*** Opening of DATA FOR ANALYSIS ***

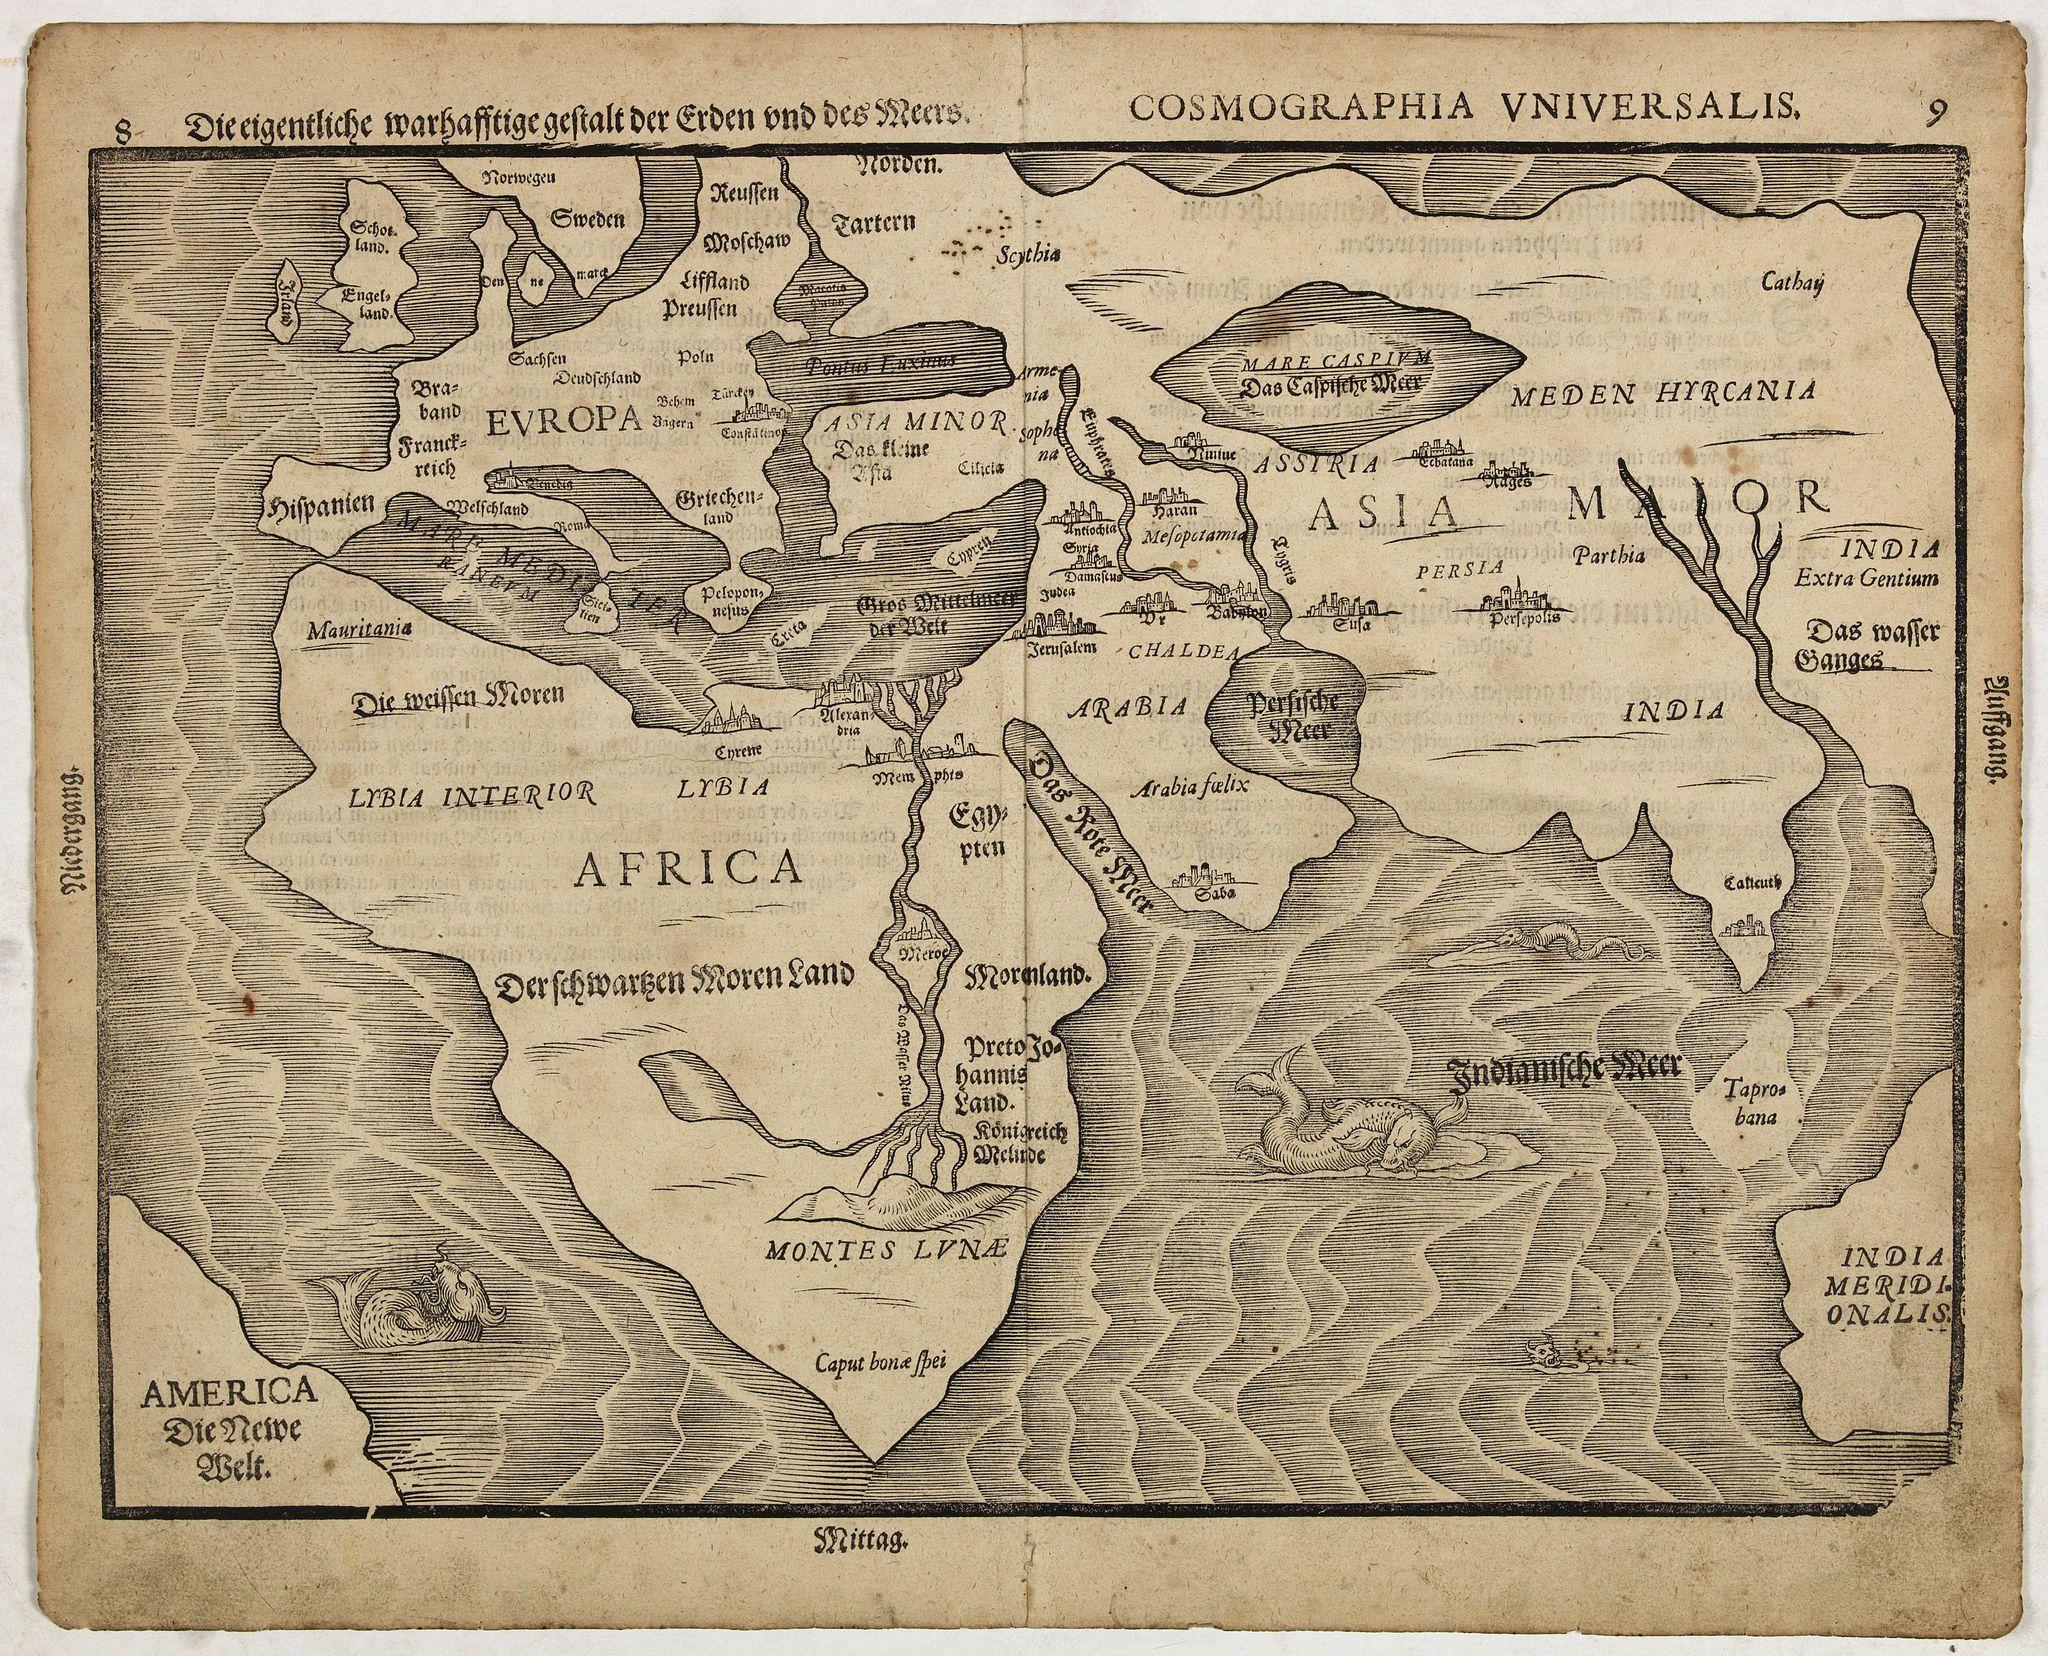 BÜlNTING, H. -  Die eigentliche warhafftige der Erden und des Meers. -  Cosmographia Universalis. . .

*** Close of DATA FOR ANALYSIS ***
*** Opening of DATA FOR ANALYSIS ***

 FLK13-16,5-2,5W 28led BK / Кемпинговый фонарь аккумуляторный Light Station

*** Close of DATA FOR ANALYSIS ***
*** Opening of DATA FOR ANALYSIS ***

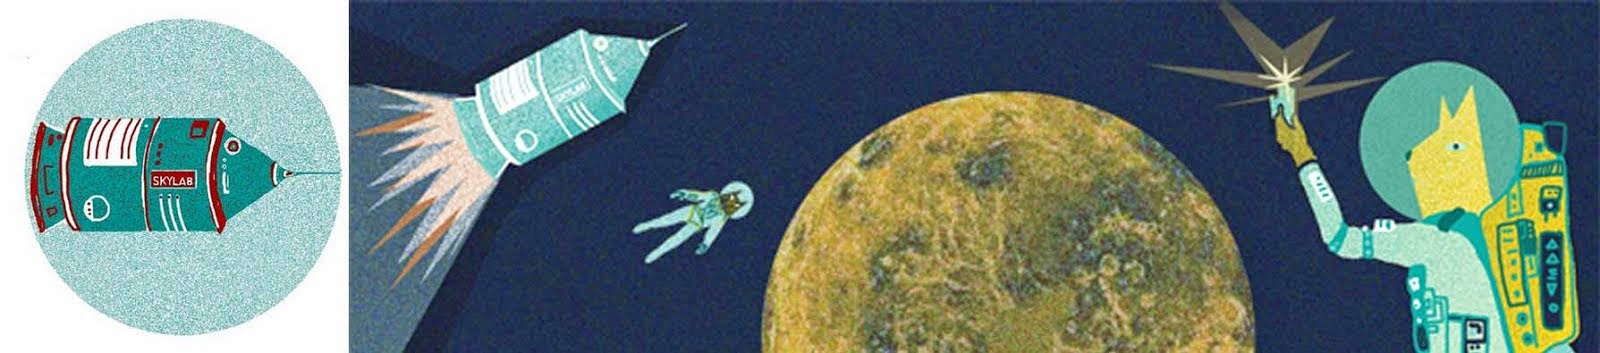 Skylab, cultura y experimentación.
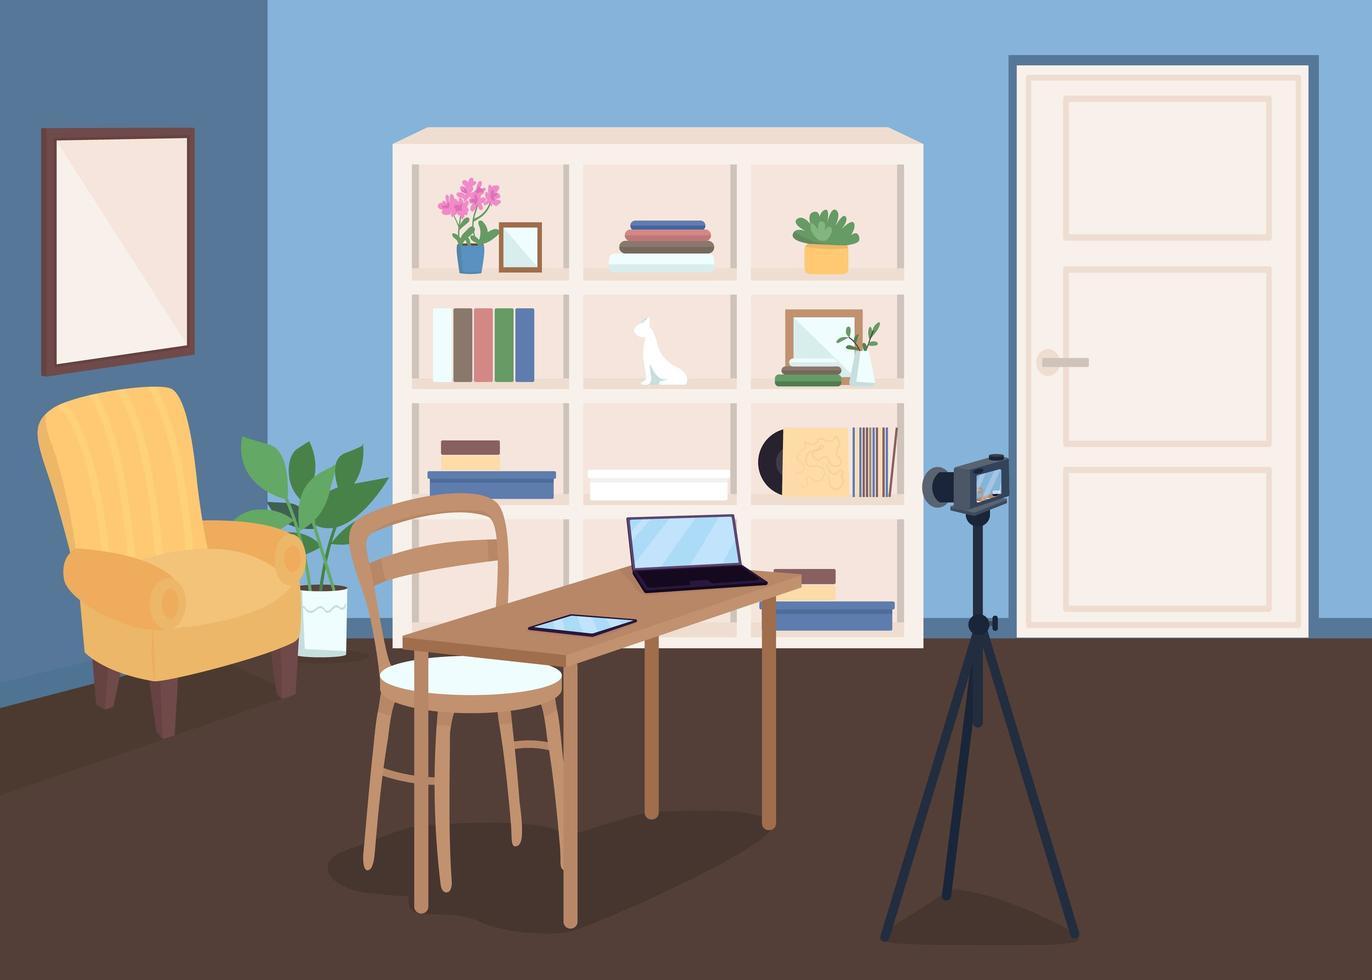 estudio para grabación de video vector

*** Close of DATA FOR ANALYSIS ***

## WORK ITEM
Copy only this from above: the line containing "Skylab, cultura y experimentación.", the line containing "estudio para grabación de video vector", and all lines between, printed exactly. Leave out the pictures.

## TASK RESPONSE
 Skylab, cultura y experimentación.
 estudio para grabación de video vector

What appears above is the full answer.